**What you are asked to do**
Without the pictures, set down everything in the listing exactly.

**Stored data**

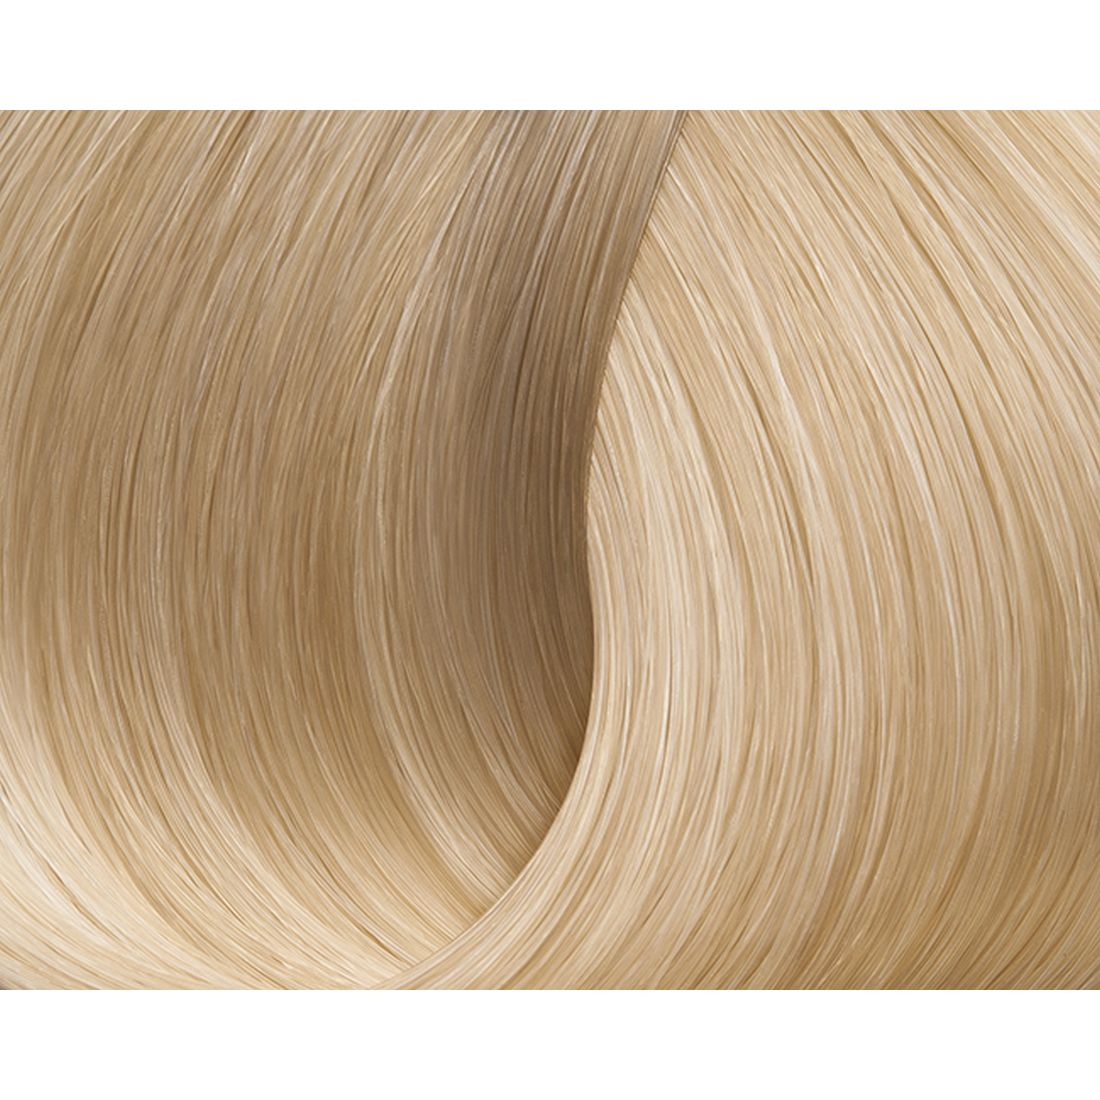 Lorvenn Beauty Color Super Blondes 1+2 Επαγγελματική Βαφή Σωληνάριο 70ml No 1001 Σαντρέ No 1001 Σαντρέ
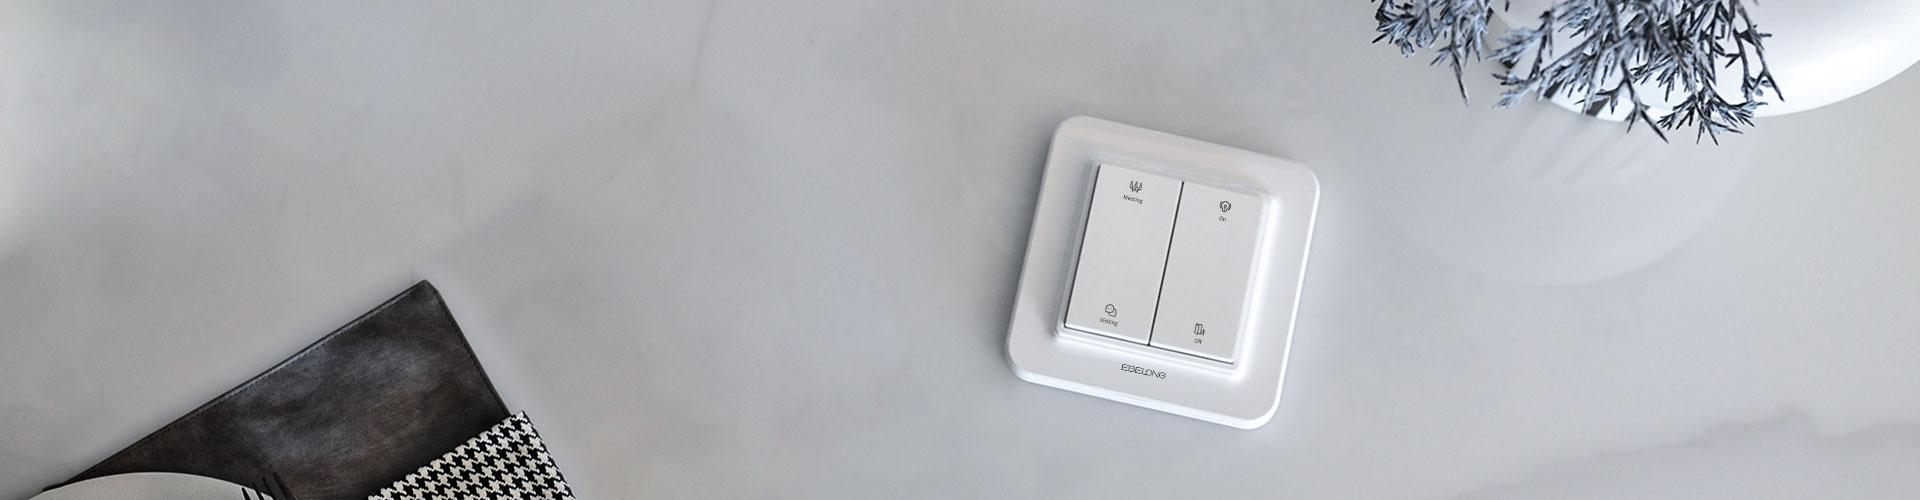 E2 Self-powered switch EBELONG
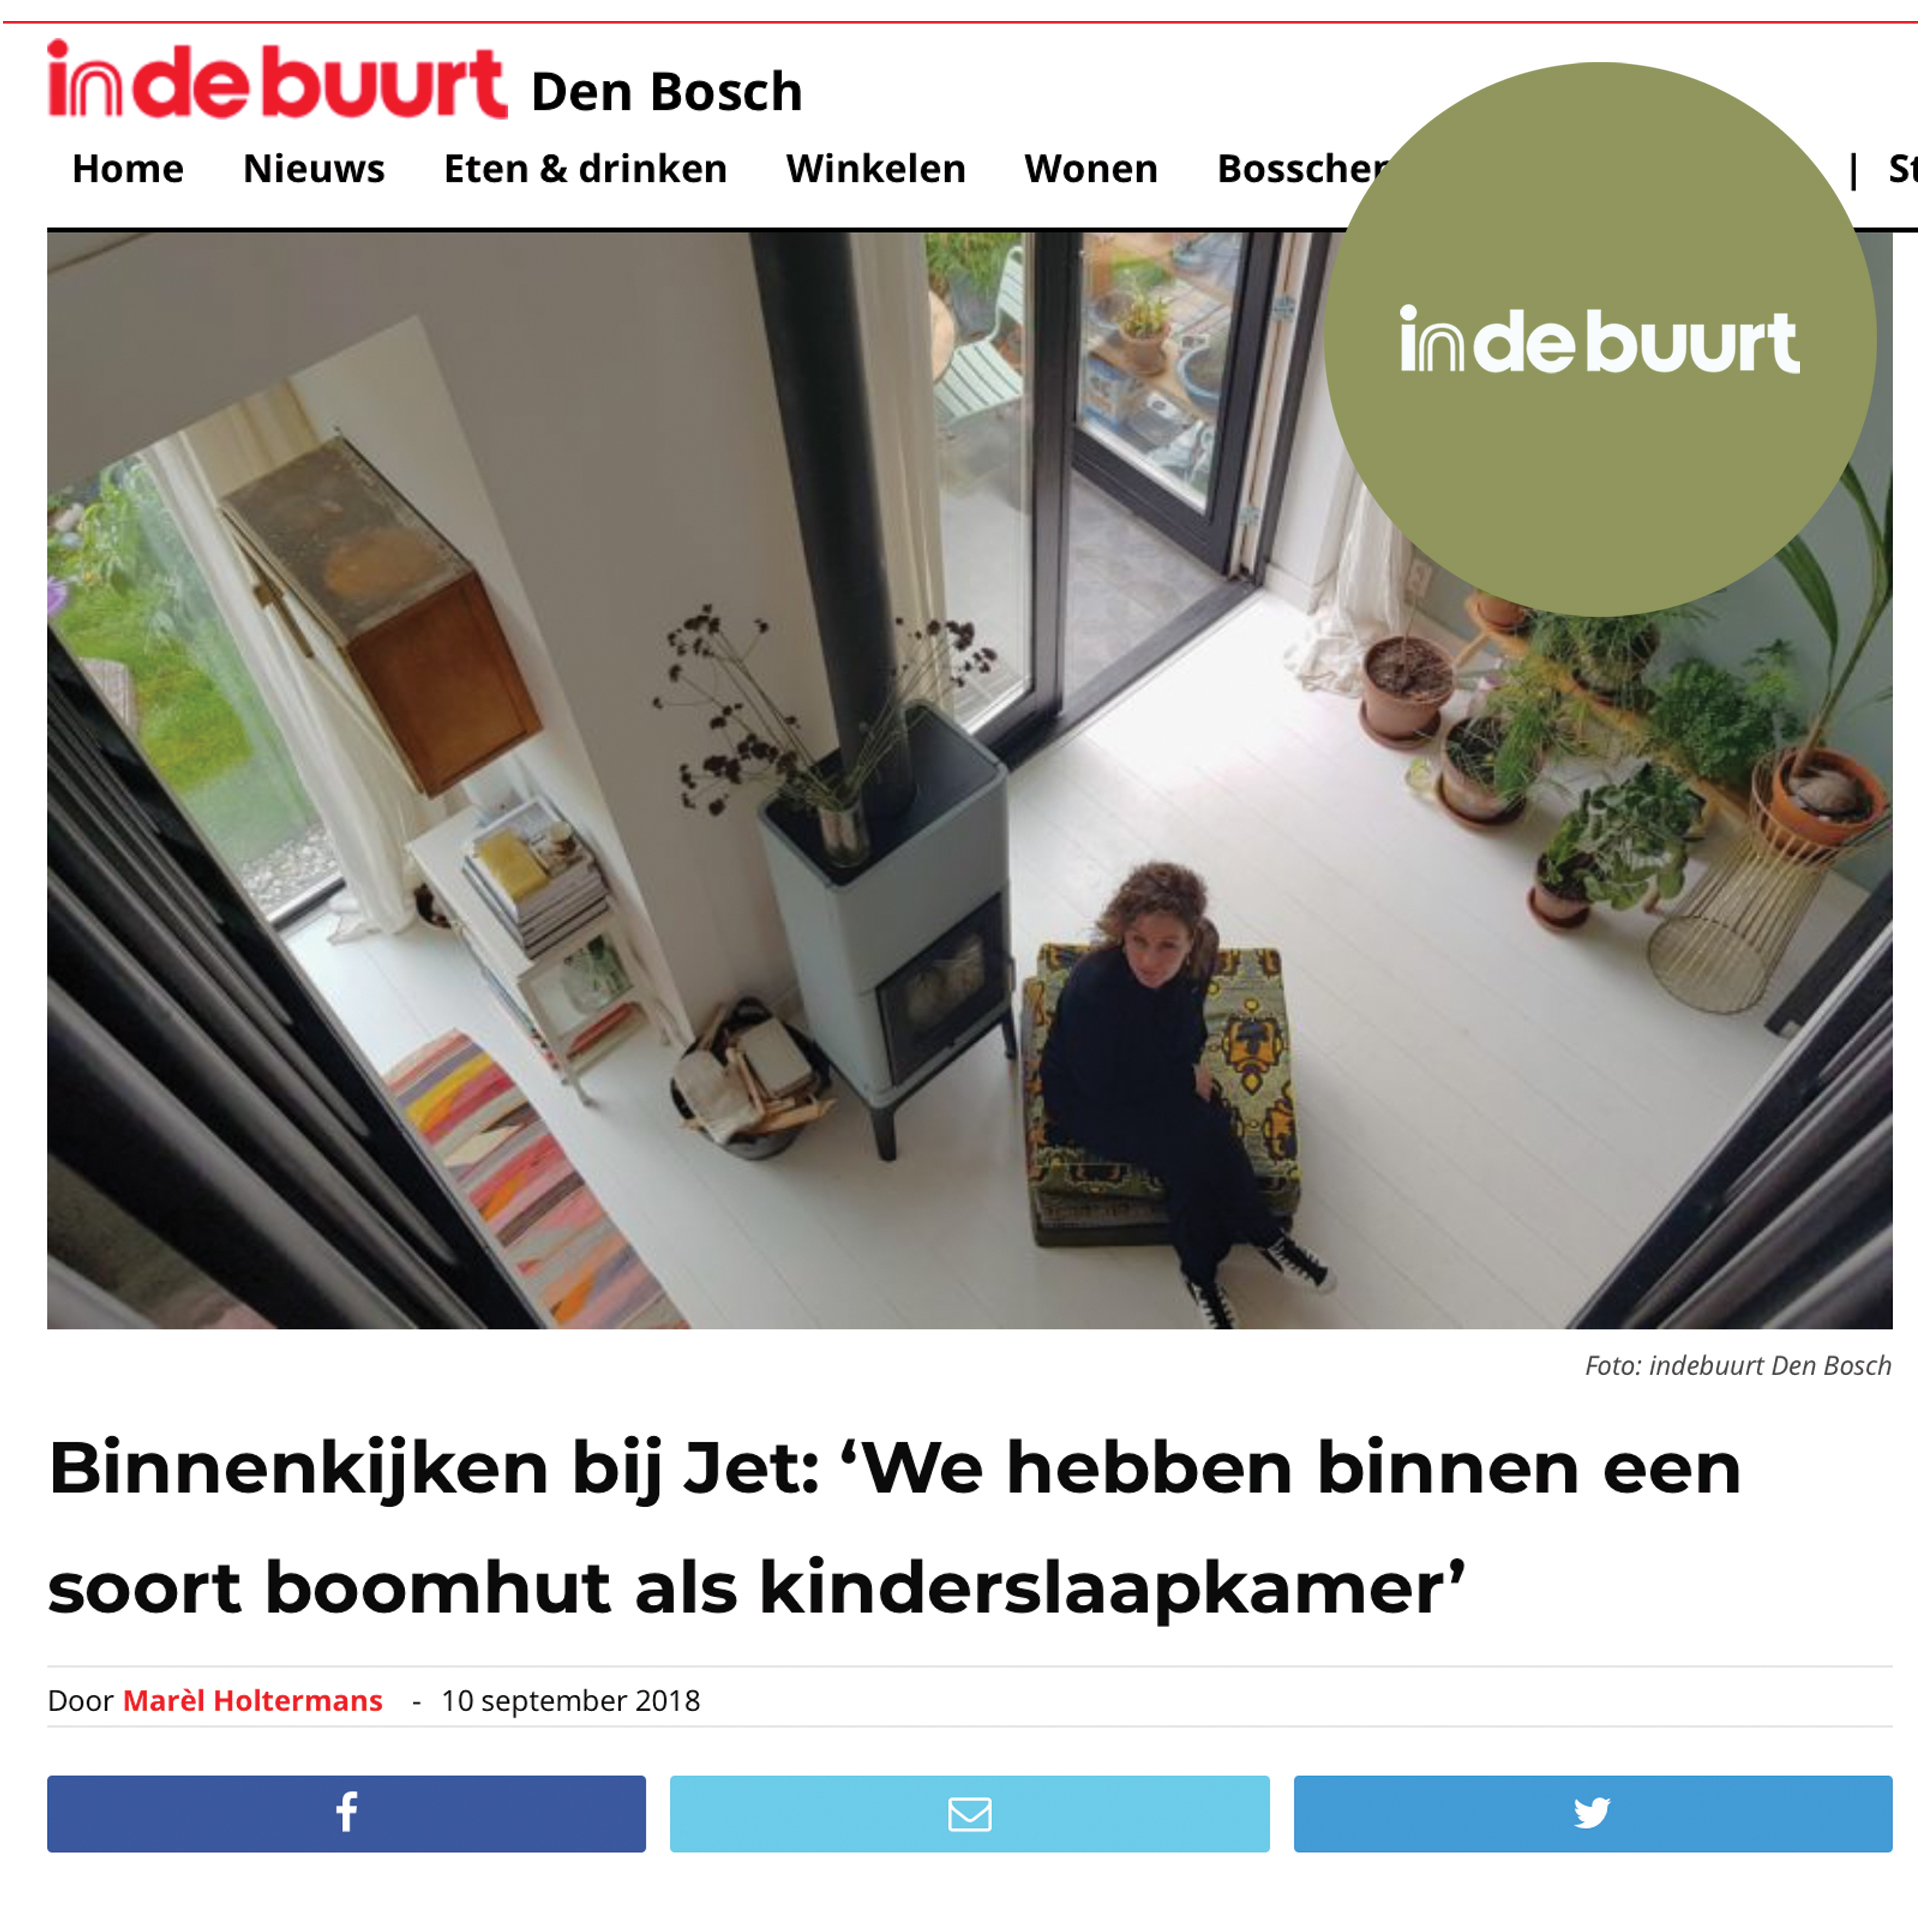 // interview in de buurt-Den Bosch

**Solution for this problem**
 Lorvenn Beauty Color Super Blondes 1+2 Επαγγελματική Βαφή Σωληνάριο 70ml No 1001 Σαντρέ No 1001 Σαντρέ
 E2 Self-powered switch EBELONG
 // interview in de buurt-Den Bosch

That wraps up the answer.